Endianness in UTF-16 encoding
Hello,
I have a curious endianness problem. I get different results with the Sun
JVM and gij. Consider this simple program:
=========================================
import java.io.*;
public class Test
{
public static void main(String[] args) throws java.io.IOException
{
OutputStreamWriter o = new OutputStreamWriter(System.out, "UTF-16");
o.write("Hello!");
o.flush();
}
}
=========================================
According to Sun's API docs (Charset class), the UTF-16 encoding is supposed
to default to big-endian. This is also what I get when running with Sun's
JVM:
00000000: feff 0048 0065 006c 006c 006f 0021 ...H.e.l.l.o.!

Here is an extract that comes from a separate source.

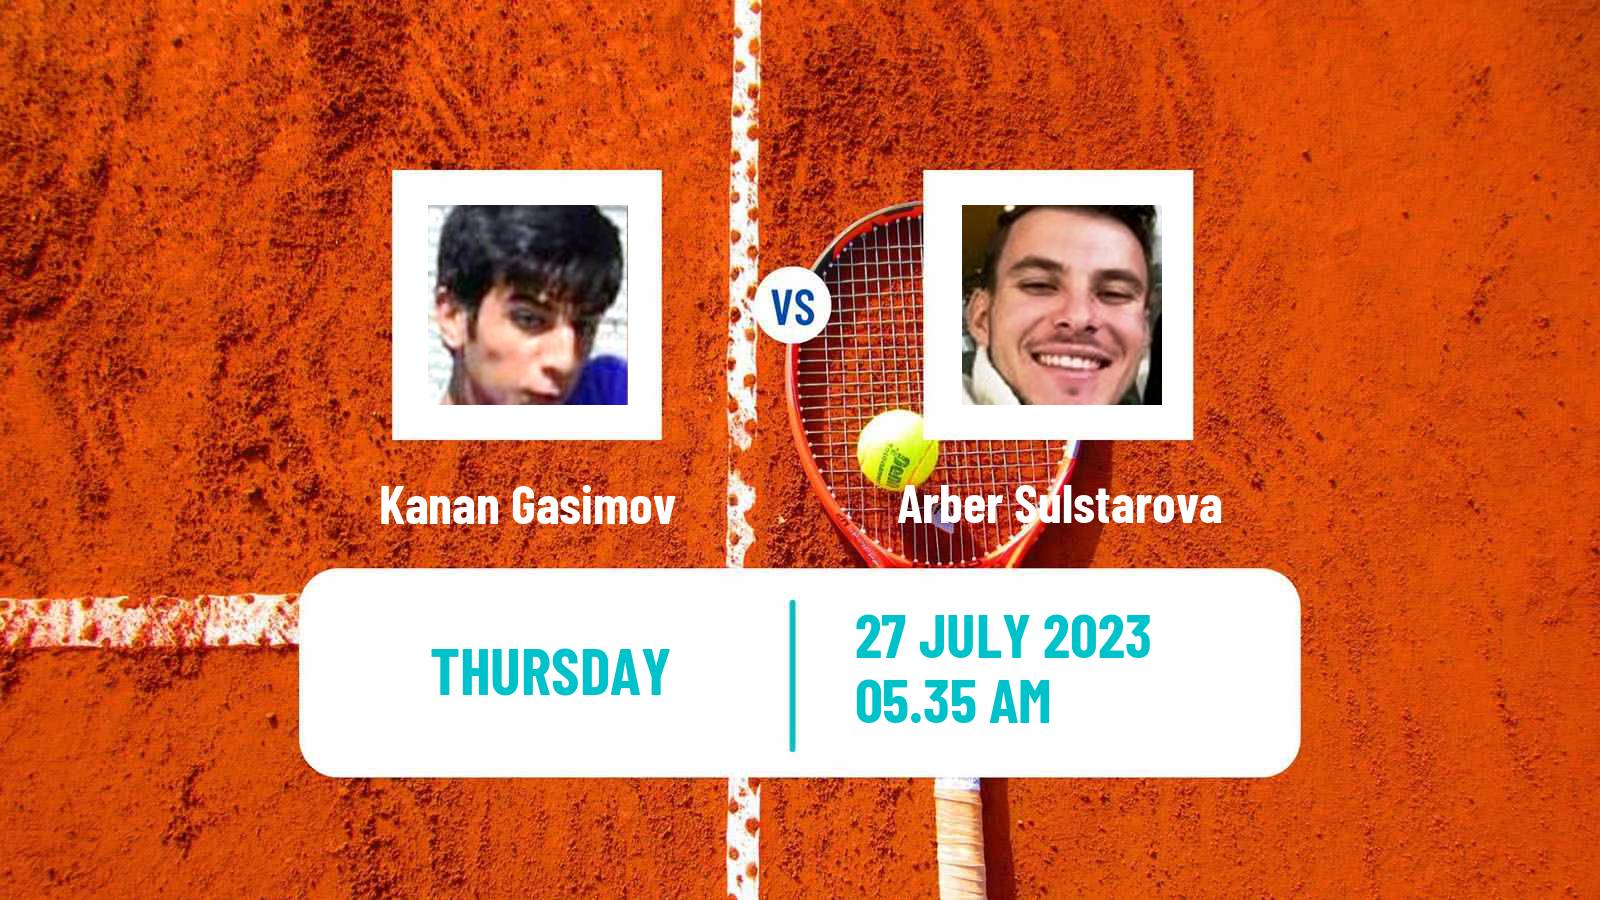 Tennis Davis Cup Group IV Kanan Gasimov - Arber Sulstarova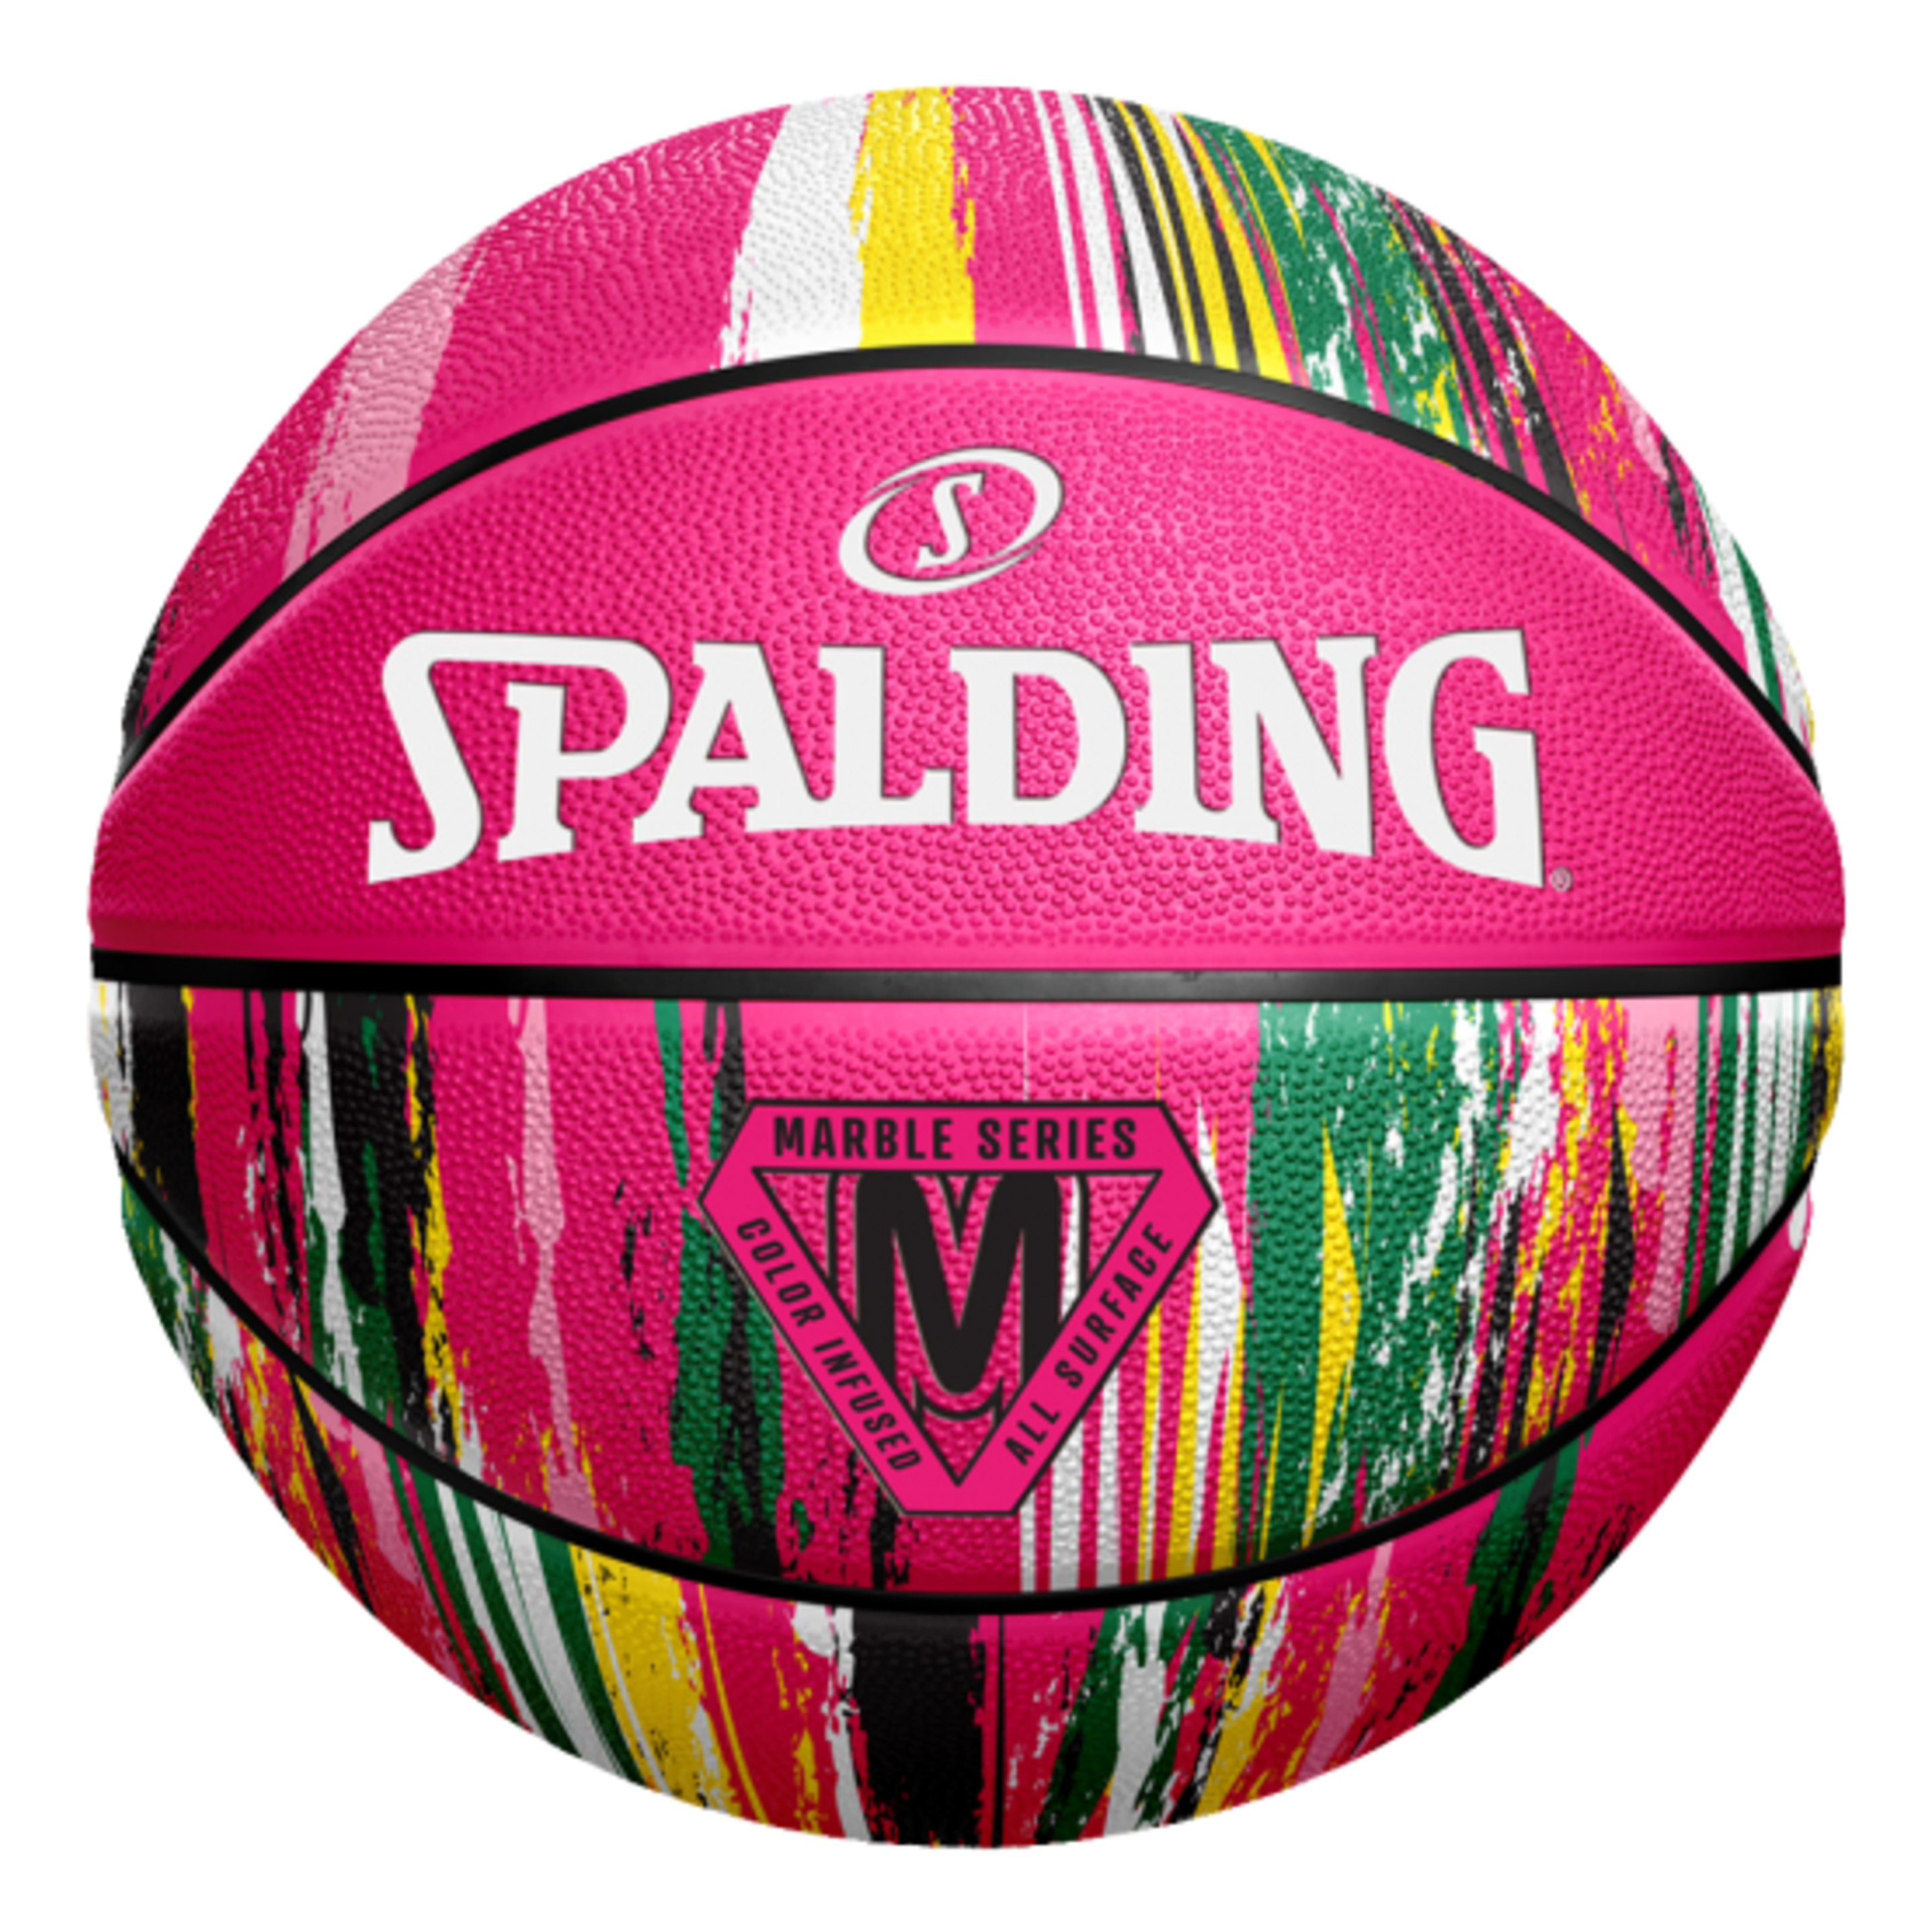 Basquete Spalding Marble Series Pink Sz6 - fucsia -

But when I run the same program (still Sun-compiled) with gij, I get
little-endian output:
00000000: fffe 4800 6500 6c00 6c00 6f00 2100 ..H.e.l.l.o.!.
This difference causes the test suite of one my packages to fail. I'm
running on i386.
What confuses me is that I checked the Classpath source for
OutputStreamWriter, and it does the right thing, i.e., big-endian:
http://cvs.savannah.gnu.org/viewcvs/classpath/java/io/OutputStreamWriter.java?rev=1.11.2.8&root=classpath&view=markup
Is there a bug somewhere? And where should I look for it?